BeeOnRope · Answer 2 · 2018-02-26T20:59:30.477

I recently made some tests of the various prefetch flavors while answering another question and my findings were:

The results from using prefetchnta were consistent with the following implementation on Skylake client:

prefetchnta loads values into the L1 and L3 but not the L2 (in fact, it seems the line may be evicted from the L2 if it is already there).
It seems to load the value "normally" into L1, but in a weaker way in L3 such that it is evicted more quickly (e.g., only into a single way in the set, or with its LRU flag set such that it will be the next victim).
prefetchnta, like all other prefetch instructions, use a LFB entry, so they don't really help you get additional parallelism: but the NTA hint can be useful here to avoid L2 and L3 pollution.

The current optimization manual (248966-038) claims in a few places that prefetchnta does bring data into the L2, but only in one way out of the set. E.g., in 7.6.2.1 Video Encoder:

The prefetching cache management implemented for the video encoder reduces the memory traffic. The second-level cache pollution reduction is ensured by preventing single-use video frame data from entering the second-level cache. Using a non-temporal PREFETCH (PREFETCHNTA) instruction brings data into only one way of the second-level cache, thus reducing pollution of the second-level cache.
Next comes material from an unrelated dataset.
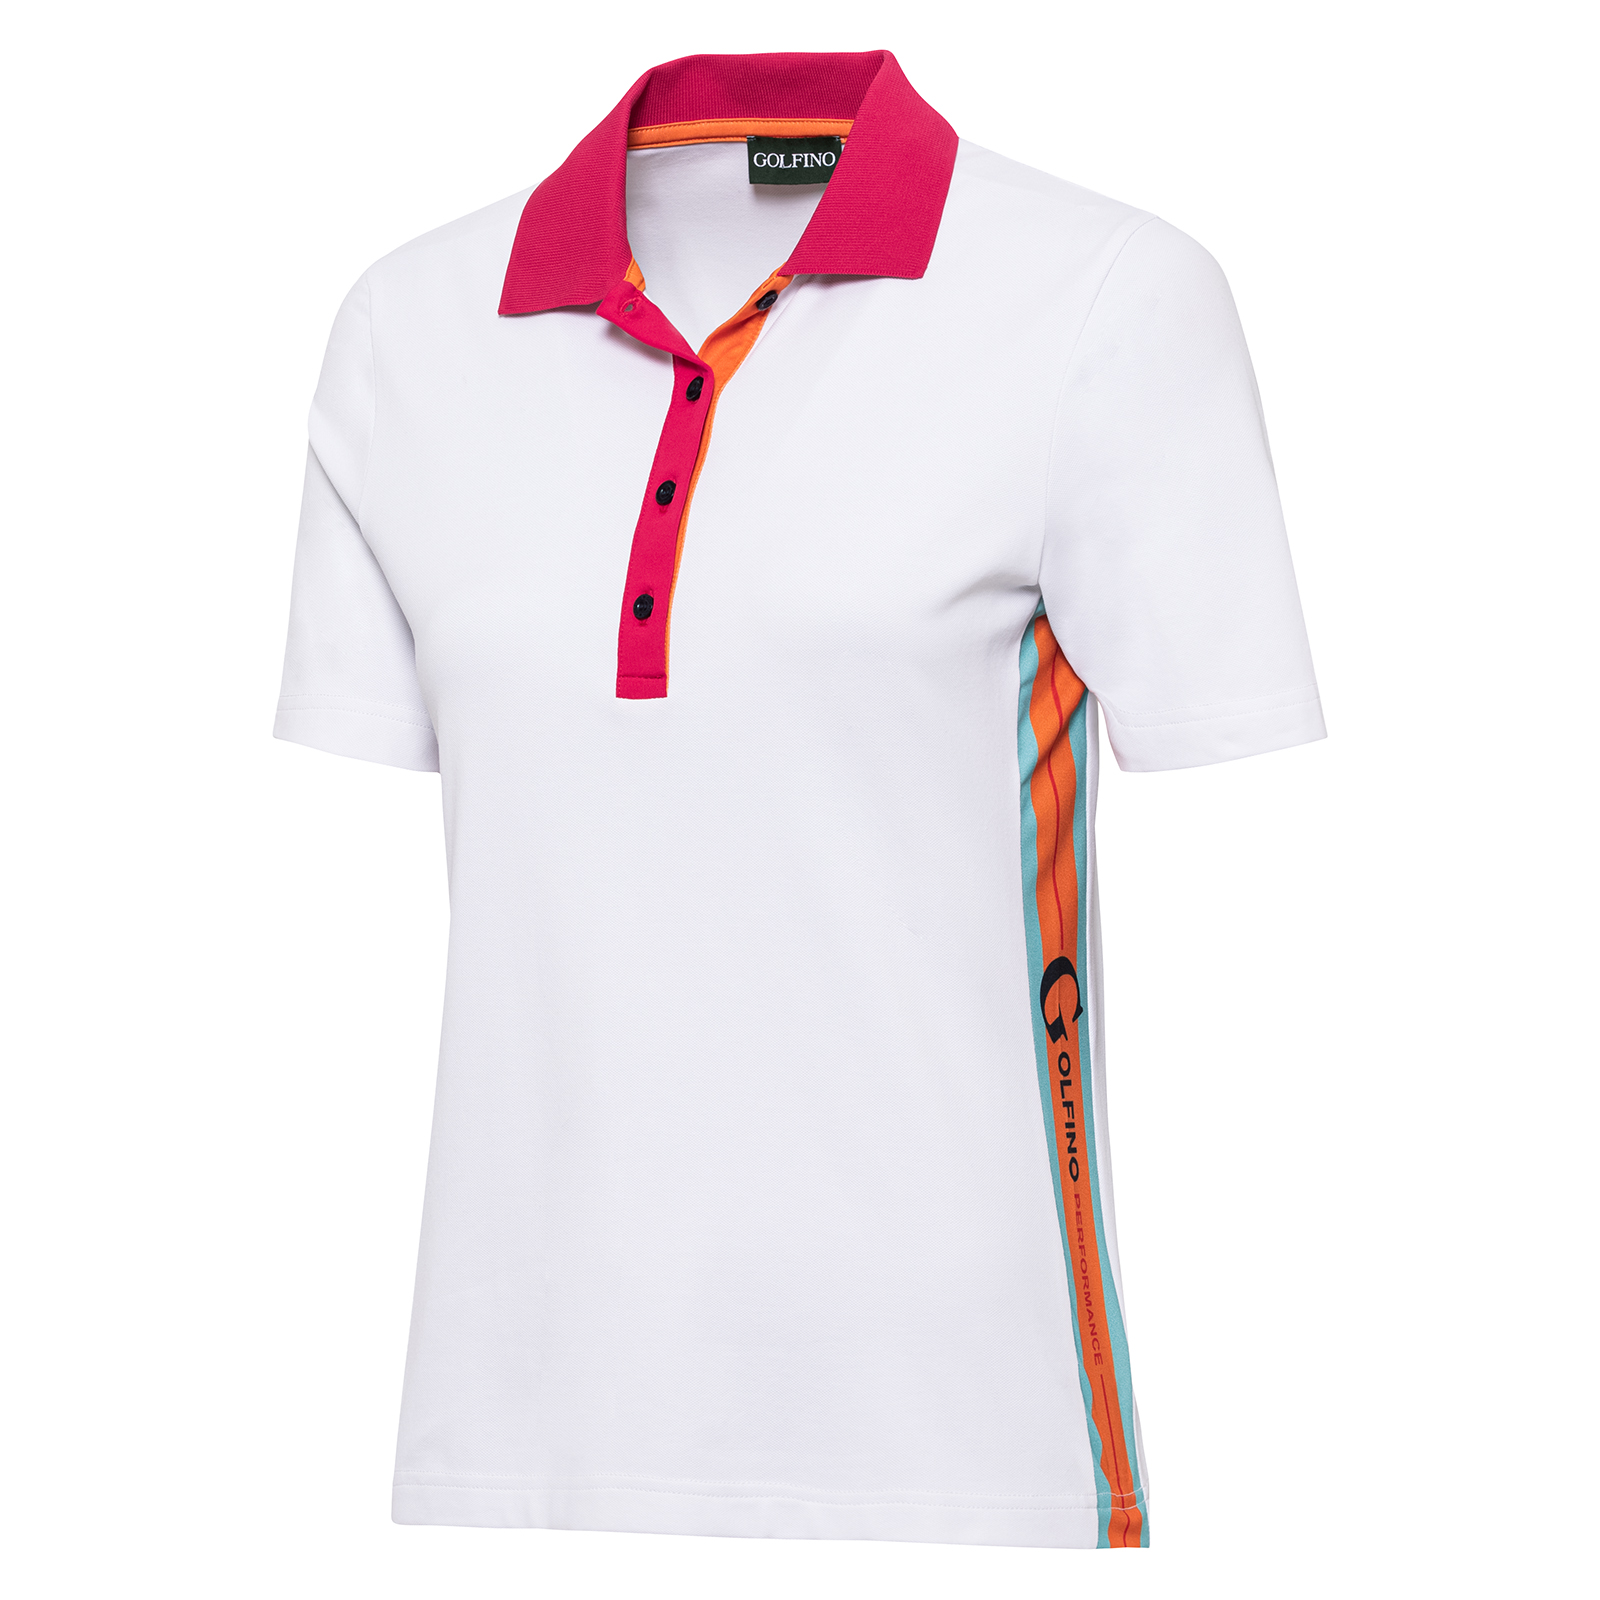 Ladies' golf polo shirt with ultraviolet protection

This isn't consistent with my test results on Skylake, where striding over a 64 KiB region with prefetchnta shows performance almost exactly consistent with fetching data from the L3 (~4 cycles per load, with an MLP factor of 10 and an L3 latency of about 40 cycles):

                                 Cycles       ns
         64-KiB parallel loads     1.00     0.39
    64-KiB parallel prefetcht0     2.00     0.77
    64-KiB parallel prefetcht1     1.21     0.47
    64-KiB parallel prefetcht2     1.30     0.50
   64-KiB parallel prefetchnta     3.96     1.53

Since the L2 in Skylake is 4-way, if the data was loaded into one way it should just barely stay in the L2 cache (one way of which covers 64 KiB), but the results above indicate that it doesn't.

You can run these tests on your own hardware on Linux using my uarch-bench program. Results for old systems would be particularly interesting.

Skylake Server (SKLX)

The reported behavior of prefetchnta on Skylake Server, which has a different L3 cache architecture, is significantly different from Skylake client. In particular, user Mysticial reports that lines fetched using prefetchnta are not available in any cache level and must be re-read from DRAM once they are evicted from L1.

The mostly likely explanation is that they never entered L3 at all as a result of the prefetchnta - this is likely since in Skylake server the L3 is a non-inclusive shared victim cache for the private L2 caches, so lines that bypass the L2 cache using prefetchnta are likely never to have a chance to enter the L3. This makes prefetchnta both more pure in function: fewer cache levels are polluted by prefetchnta requests, but also more brittle: any failure to read an nta line from L1 before it is evicted means another full roundtrip to memory: the initial request triggered by the prefetchnta is totally wasted.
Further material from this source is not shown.